Questa se realizzata a regola d’arte è in grado di garantire al camino un buon tiraggio e il suo funzionamento. Preferibilmente la sua altezza non deve mai essere inferiore ai tre metri, la sezione del tubo di scarico va calcolata in maniera inversamente proporzionale alla sua lunghezza, quindi maggiore sarà la lunghezza del nostro condotto fumario minore dovrà essere il suo diametro, (nei camini prefabbricati il diametro della canna fumaria viene indicato dal costruttore, nel nostro caso l’esperienza del consulente che abbiamo chiamato al nostro fianco farà la differenza), indicativamente il diametro varia da 20 a 35 centimetri). Possibilmente la forma del nostro condotto sarà circolare così da facilitare la risalita dei fumi di scarico e limitare la formazione di fuliggine al suo interno, più i fumi salgono liberamente meno incrostazioni tendono a formarsi. Se dobbiamo necessariamente installare una canna fumaria di forma quadrata o rettangolare è preferibile acquistare modelli che internamente presentano gli angoli smussati ed arrotondati.

Curve e cambi di direzione della canna fumaria

È buona norma evitare il più possibile le curve ed i cambi di direzione della canna fumaria, se ciò non è possibile è necessario che la deviazione segua un angolazione inferiore ai 45 gradi, se dobbiamo eseguire curve con angoli maggiori queste andranno fatte in più passaggi (anche se è sempre sconsigliato fare più curve in una canna fumaria). Nel campo dei materiali è da preferire l’utilizzo dell’acciaio inox per la nostra canna fumaria, preferibilmente a doppia parete con isolamento interno, valide alternative sono il gasbeton e la ghisa, quest’ultima ormai in disuso.

Rivestimento isolante della canna fumaria

È importante che sia rivestita esternamente con del materiale isolante resistente alle alte temperature e insensibile alla corrosine generata dai fumi di scarico, attualmente il top è la lana di roccia. La collocazione della canna fumaria porta dei pro e dei contro a seconda di dove la si posiziona, utilizzando un muro perimetrale abbiamo la possibilità di portare il nostro condotto in esterno con innegabili vantaggi per la pulizia a discapito però dello scambio termico, se usiamo una parete interna invece, avremo un minor sbalzo termico con l’esterno a tutto vantaggio del tiraggio e dei rendimenti (maggior calore teniamo in casa maggiore sarà il rendimento) ma facendo manutenzione rischiamo di ritrovarci un po’ di fuliggine in casa.
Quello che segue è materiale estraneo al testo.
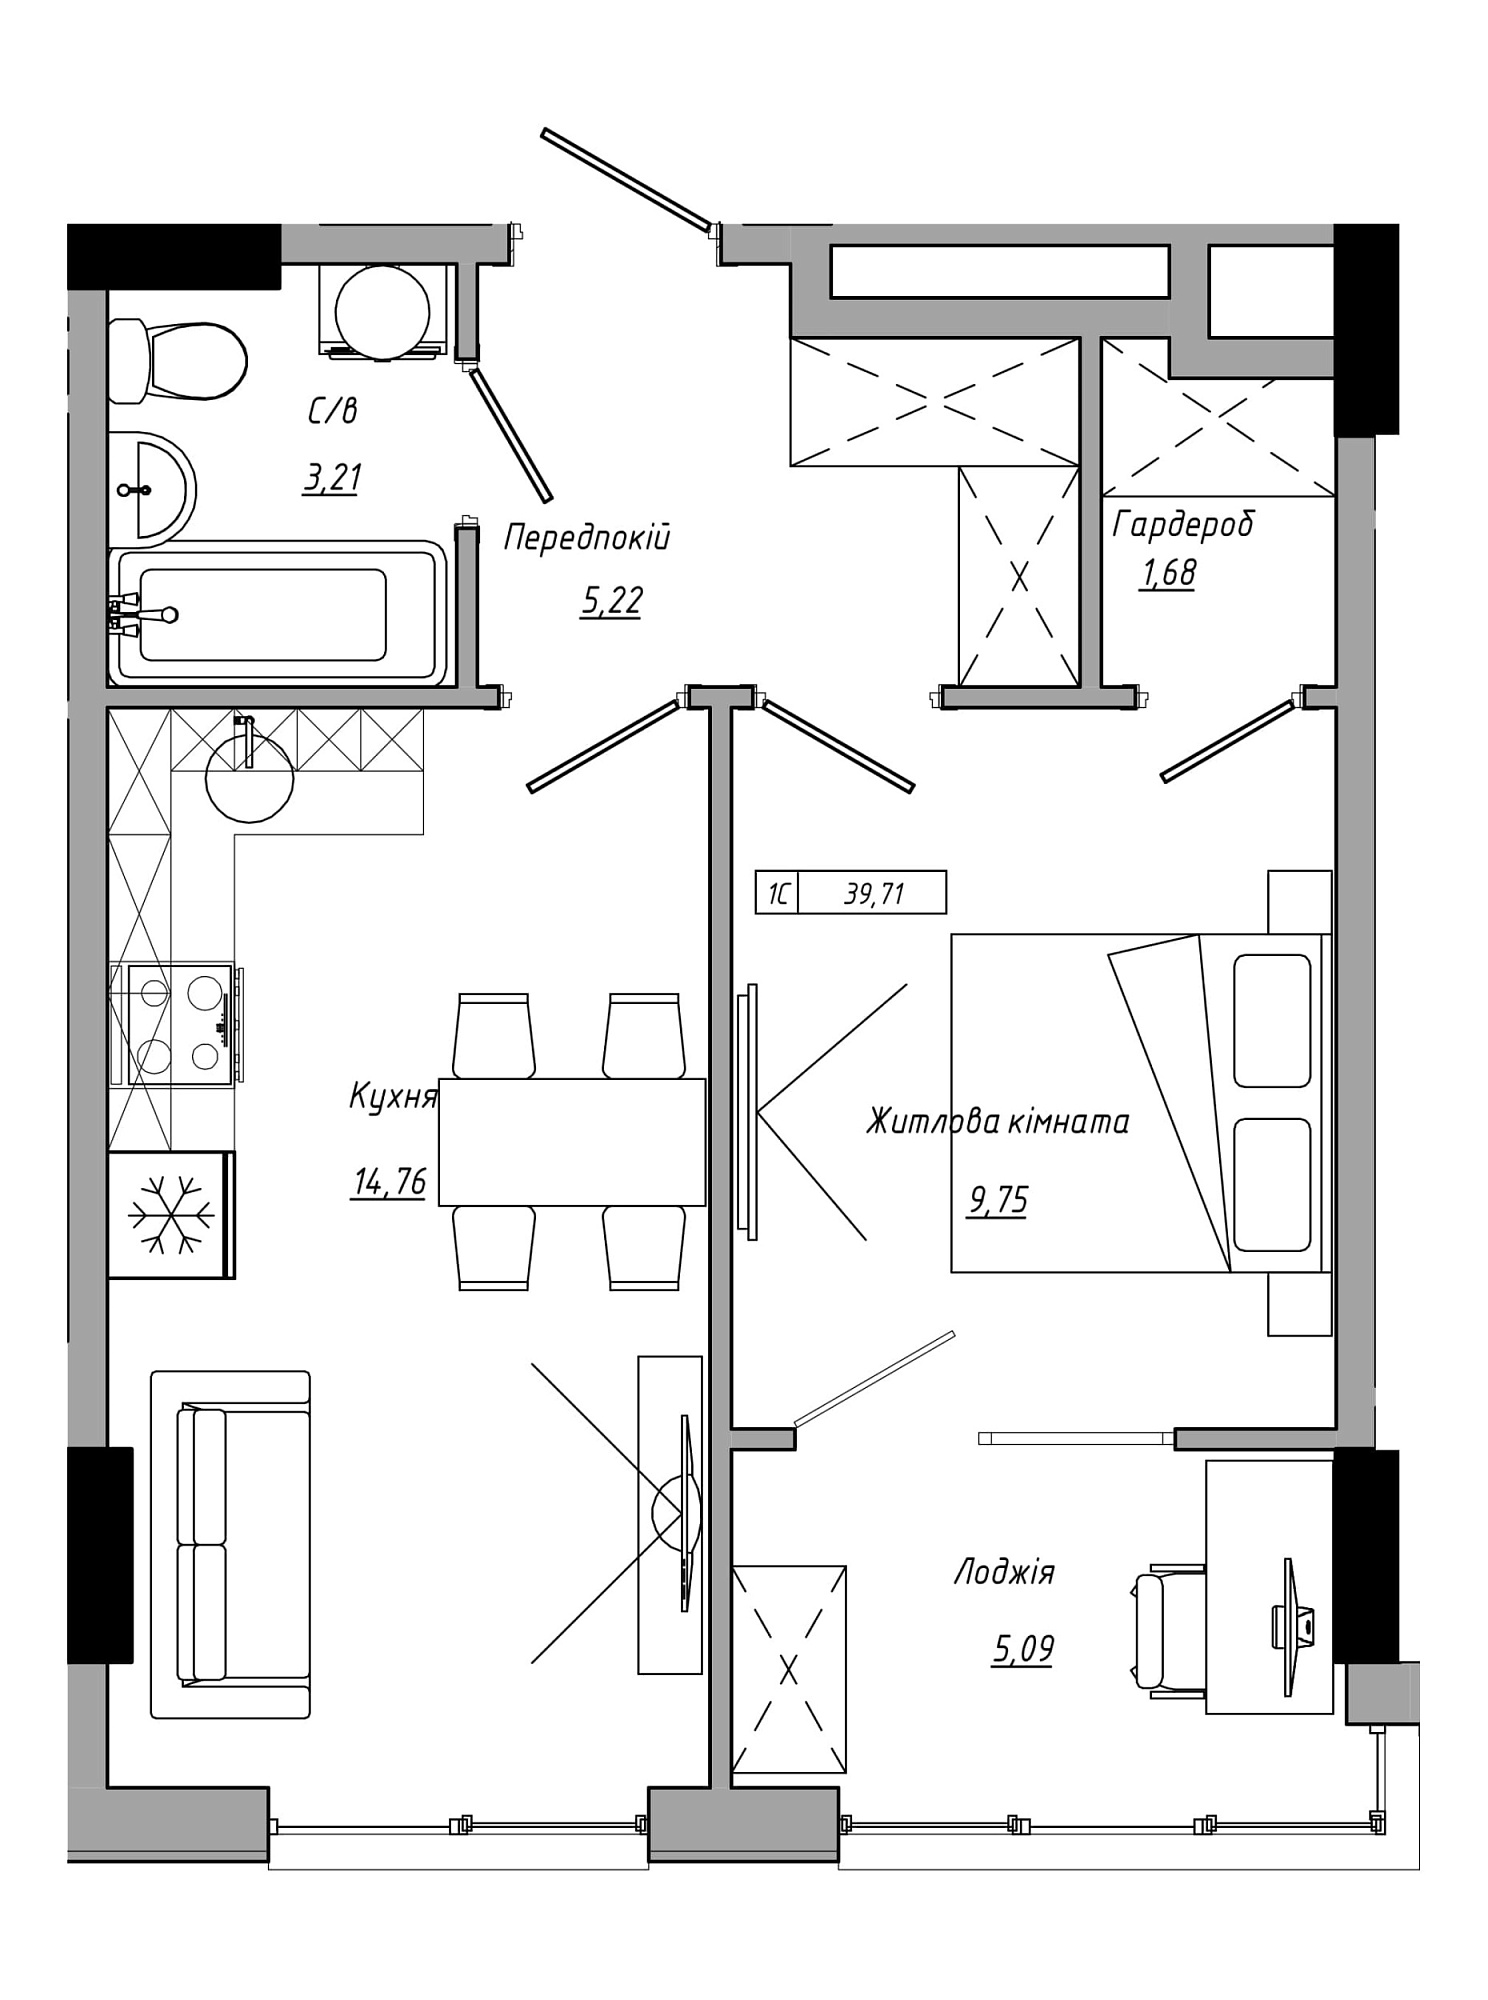 Планування 1-к квартира площею 38.41м2, AB-21-10/00022.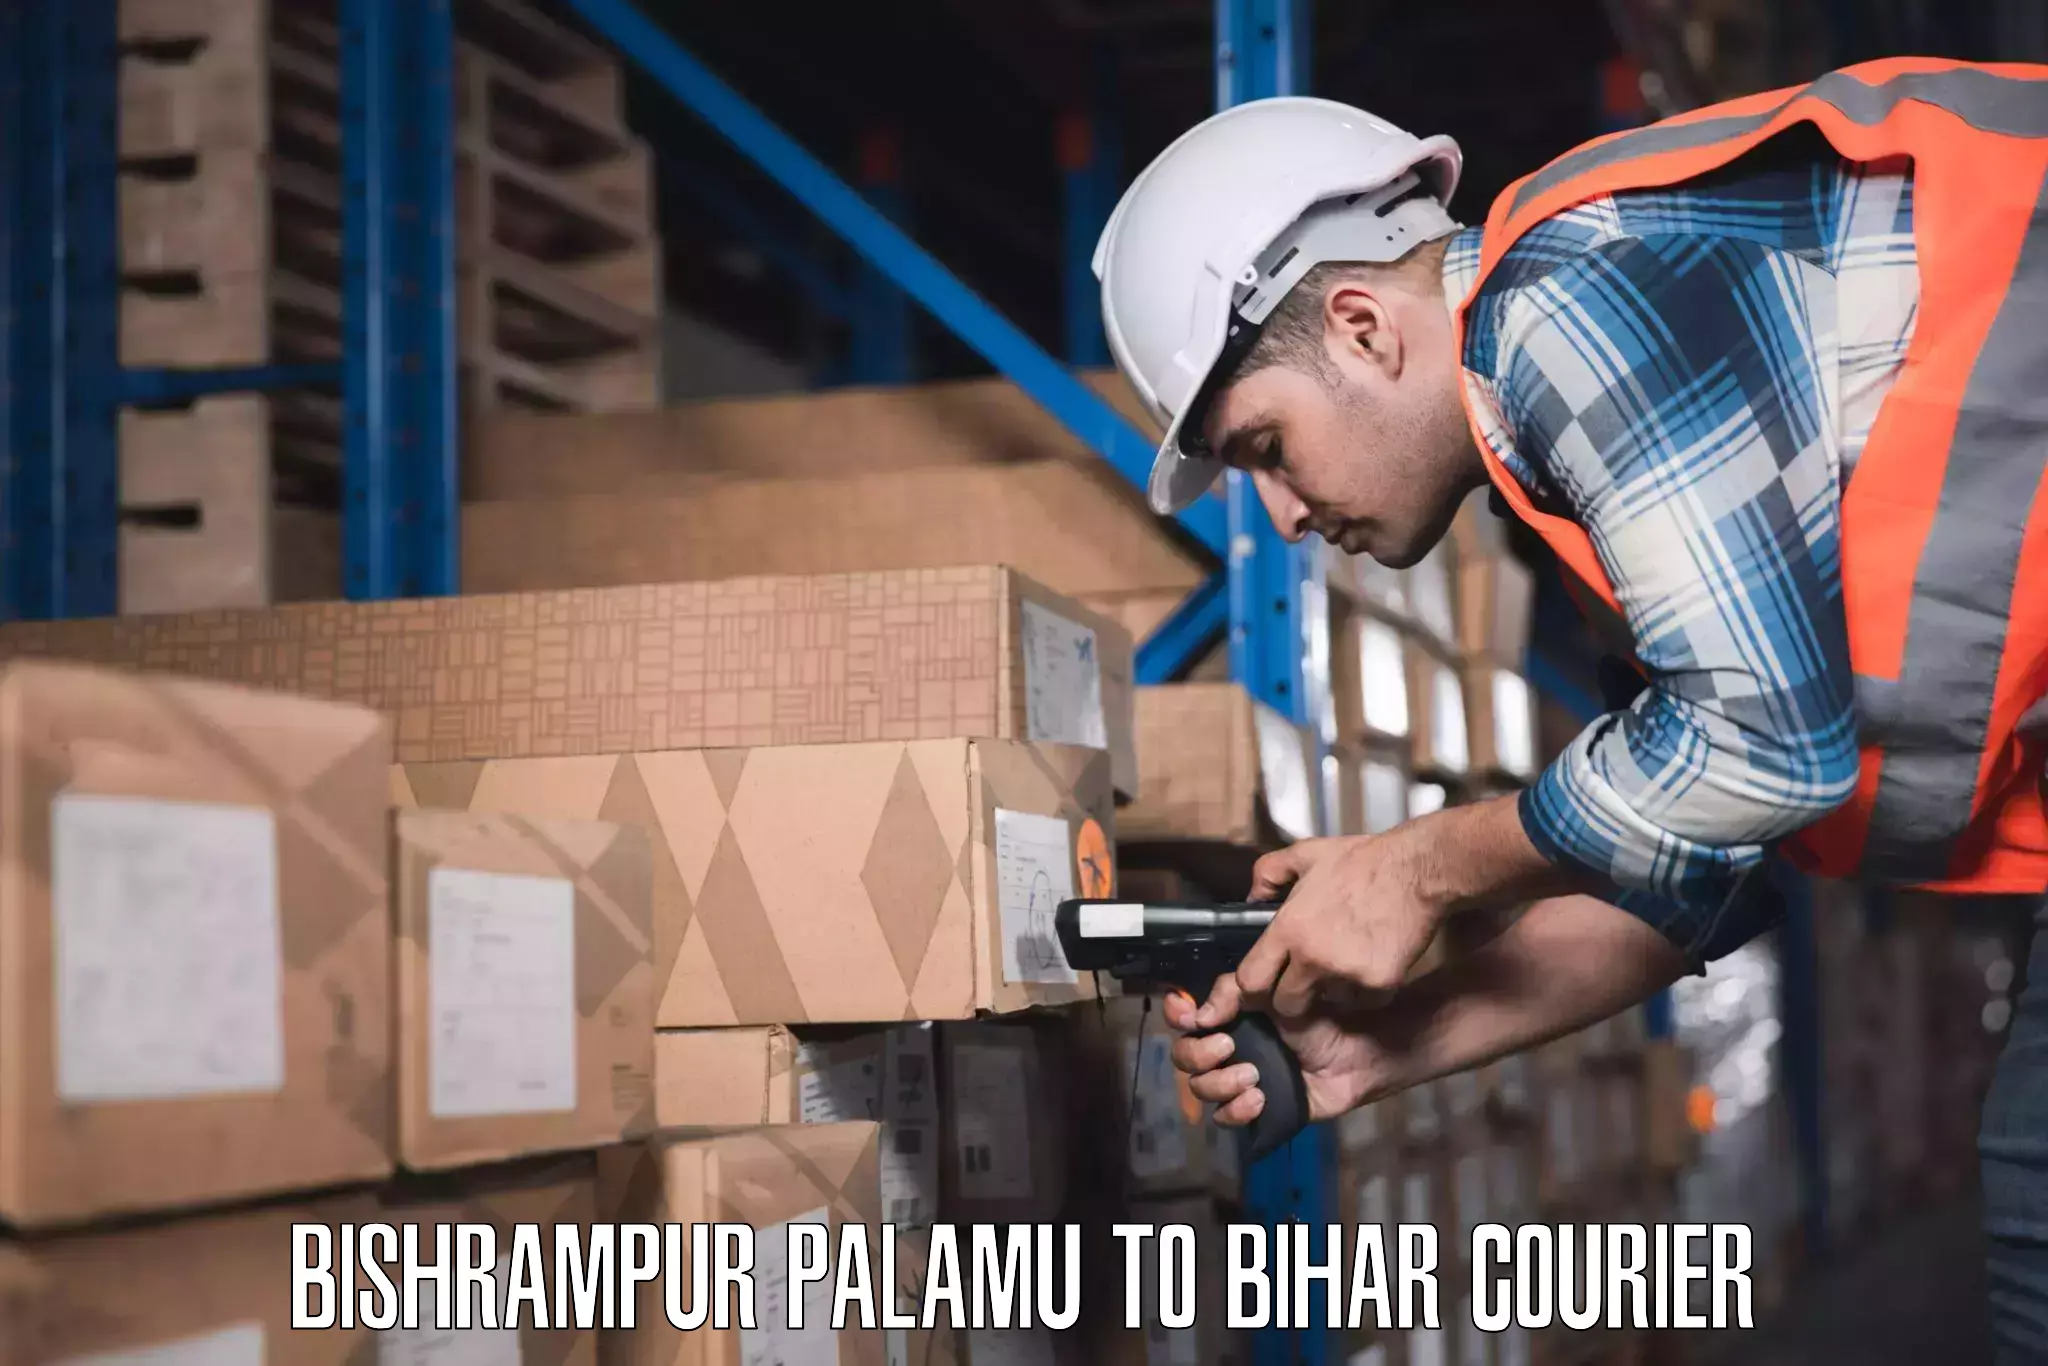 Personal effects shipping Bishrampur Palamu to Katoria

Le canne fumarie comunque non vanno mai inserite all’interno di pareti o ricavate da parte di esse.

Il comignolo (o cappello) del camino

Questo è posizionato nella parte più esterna del nostro impianto fumario esposto agli agenti atmosferici ed all’intensità del vento, deve essere di forma adeguata così da evitare che acqua o vento possano infilarsi al suo interno compromettendo il buon tiraggio dell’impianto, anzi un buon comignolo sfrutta il vento per migliorare il tiraggio.

Fumaiolo per comignolo girevole in acciaio inox con base quadrata

Esempio di comignolo girevole

Dimensionamento del comignolo

La dimensione prevista per un comignolo è pari al doppio del diametro della canna fumaria, questo deve eccedere il colmo del tetto di almeno mezzo metro, considerata l’importanza che il comignolo riveste in un impianto fumario è decisamente preferibile acquistare un prodotto prefabbricato e pronto all’uso, le forme dei comignoli oggi in commercio sono le più svariate (conoscete quelli di Chiesina Farnè? ne abbiamo parlato in questo articolo) e sicuramente qualcosa che si abbina all’abitazione in quanto a stile esiste.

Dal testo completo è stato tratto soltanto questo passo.